If I understand correctly, there are three "eras":

 - Really old Git versions, where full repositories are used for
   submodules, where we can't do anything.

 - Old Git versions, that stored absolute paths.

 - Recent Git versions, that store relative paths.

Would it be possible to identify which versions we're talking about
here? I'm sure you've done that research, and I think it makes sense to
capture that, as we will certainly wonder what we mean by "older
versions", "old version", "new version.

What is new, old, or older today, will feel quite different 5 years
from now.

Thomas
Yann E. MORIN May 30, 2020, 9:08 p.m. UTC | #5
Thomas, All,

On 2020-05-29 23:41 +0200, Thomas Petazzoni spake thusly:
> On Sun, 24 May 2020 13:47:18 +0200
> "Yann E. MORIN" <yann.morin.1998@free.fr> wrote:
> > +    # Older versions of git will store the absolute path of the git tree
> > +    # in the .git of submodules, while newer versions just use relative
> > +    # paths. Detect and fix the older variants to use relative paths, so
> > +    # that the archives are reproducible across a wider range of git
> > +    # versions. However, we can't do that if git is too old and uses
> > +    # full repositories for submodules.
> 
> If I understand correctly, there are three "eras":
> 
>  - Really old Git versions, where full repositories are used for
>    submodules, where we can't do anything.
> 
>  - Old Git versions, that stored absolute paths.
> 
>  - Recent Git versions, that store relative paths.

Spot-on.

> Would it be possible to identify which versions we're talking about
> here? I'm sure you've done that research, and I think it makes sense to
> capture that, as we will certainly wonder what we mean by "older
> versions", "old version", "new version.
> 
> What is new, old, or older today, will feel quite different 5 years
> from now.

Sorry, you presumed too much: I haven't dug the nitty-gritty details on
when git transitioned from one area to another...

I just stumbled on this issue while working on the conversion of the
archives generated from a git tree, which got me scratch my head for
quite some time... I should have noted the conditions back then, true,
but I forgot...

Regards,
Yann E. MORIN.

> Thomas
> -- 
> Thomas Petazzoni, CTO, Bootlin
> Embedded Linux and Kernel engineering
> https://bootlin.com
diff mbox series

Patch

diff --git a/support/download/git b/support/download/git
index 075f665bbf..15d8c66e05 100755
--- a/support/download/git
+++ b/support/download/git
@@ -176,6 +176,19 @@  date="$( _git log -1 --pretty=format:%cD )"
 # There might be submodules, so fetch them.
 if [ ${recurse} -eq 1 ]; then
     _git submodule update --init --recursive
+
+    # Older versions of git will store the absolute path of the git tree
+    # in the .git of submodules, while newer versions just use relative
+    # paths.
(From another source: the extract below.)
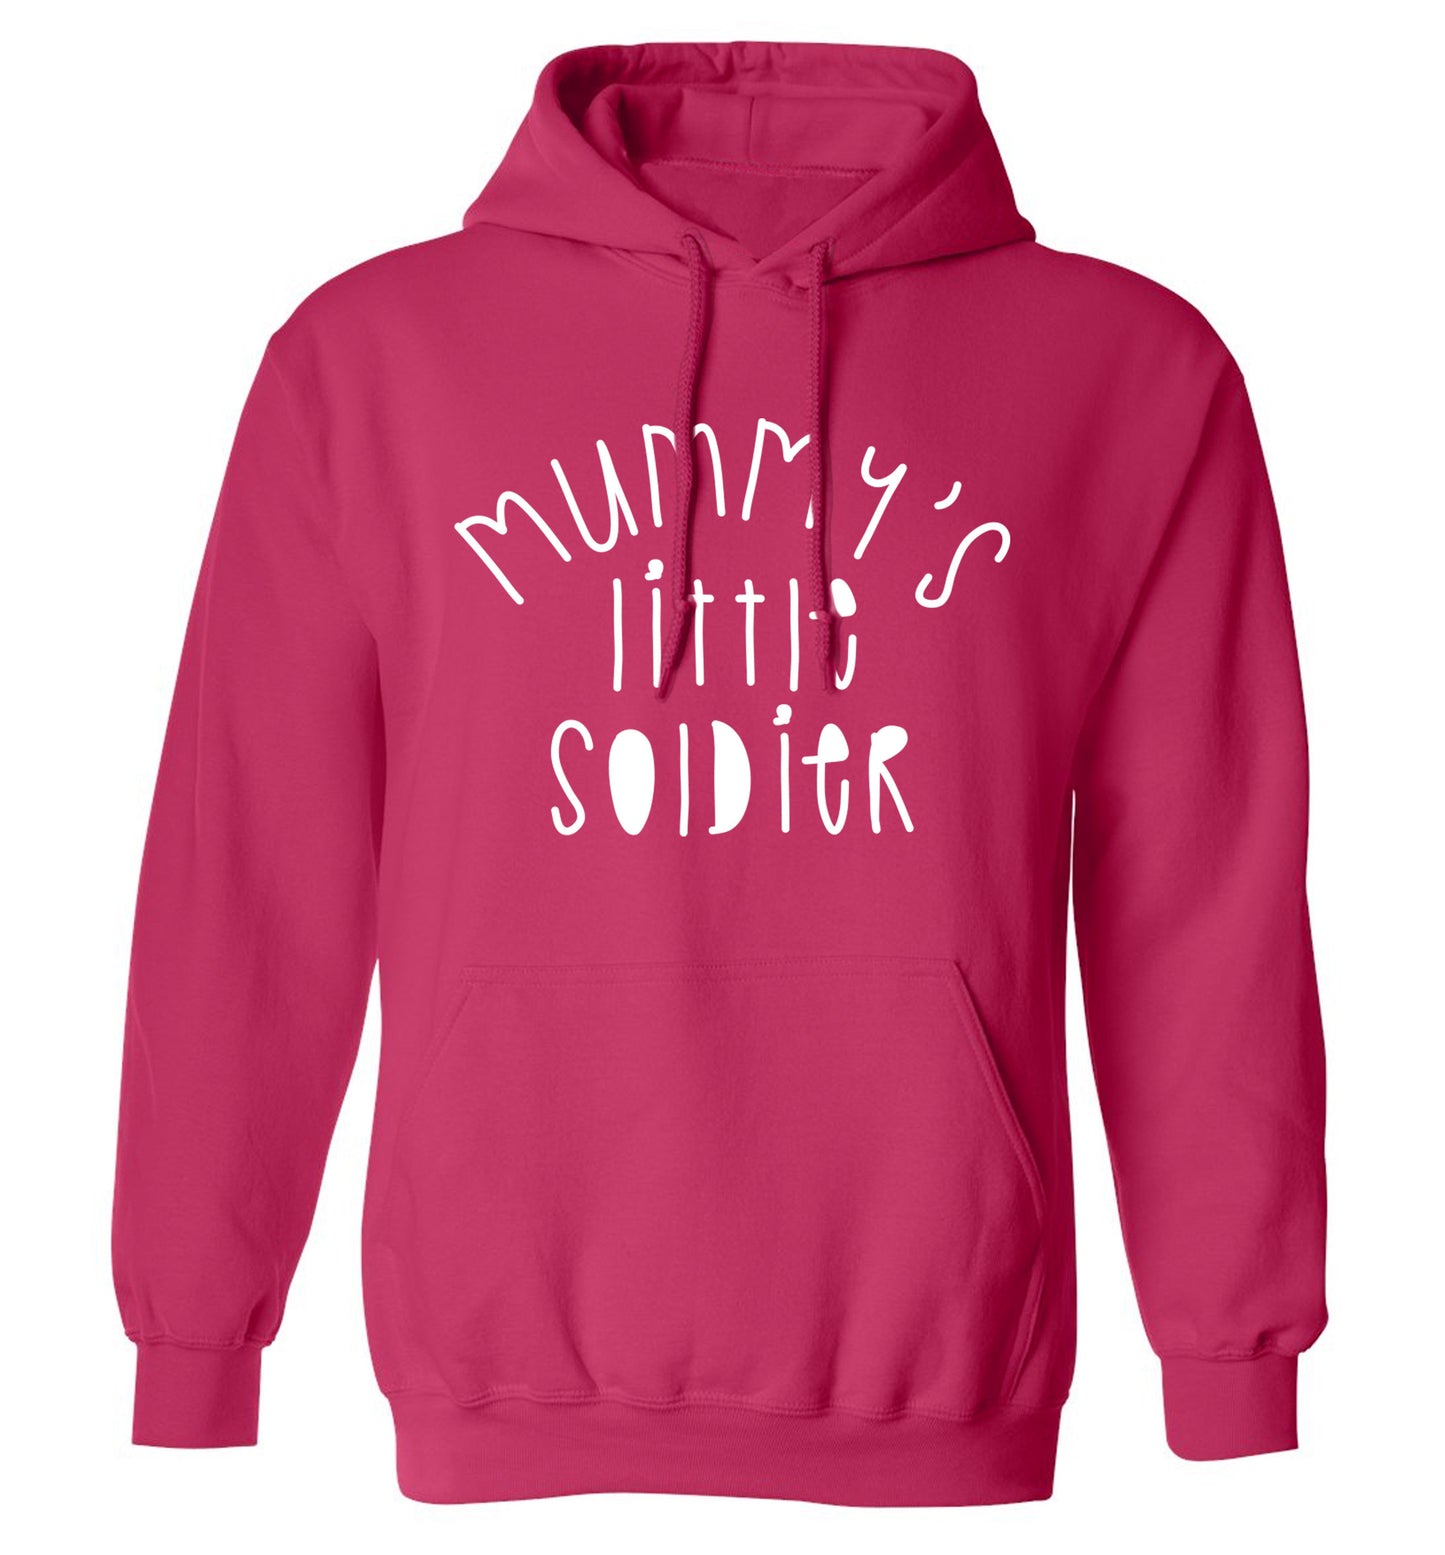 Mummy's little soldier adults unisex pink hoodie 2XL

Detect and fix the older variants to use relative paths, so
+    # that the archives are reproducible across a wider range of git
+    # versions. However, we can't do that if git is too old and uses
+    # full repositories for submodules.
+    cmd='printf "%s\n" "${path}/"'
+    for module_dir in $( _git submodule --quiet foreach "'${cmd}'" ); do
+        [ -f "${module_dir}/.git" ] || continue
+        relative_dir="$( sed -r -e 's,/+,/,g; s,[^/]+/,../,g' <<<"${module_dir}" )"
+        sed -r -i -e "s:^gitdir\: $(pwd)/:gitdir\: "${relative_dir}":" "${module_dir}/.git"
+    done
 fi
 
 # Generate the archive, sort with the C locale so that it is reproducible.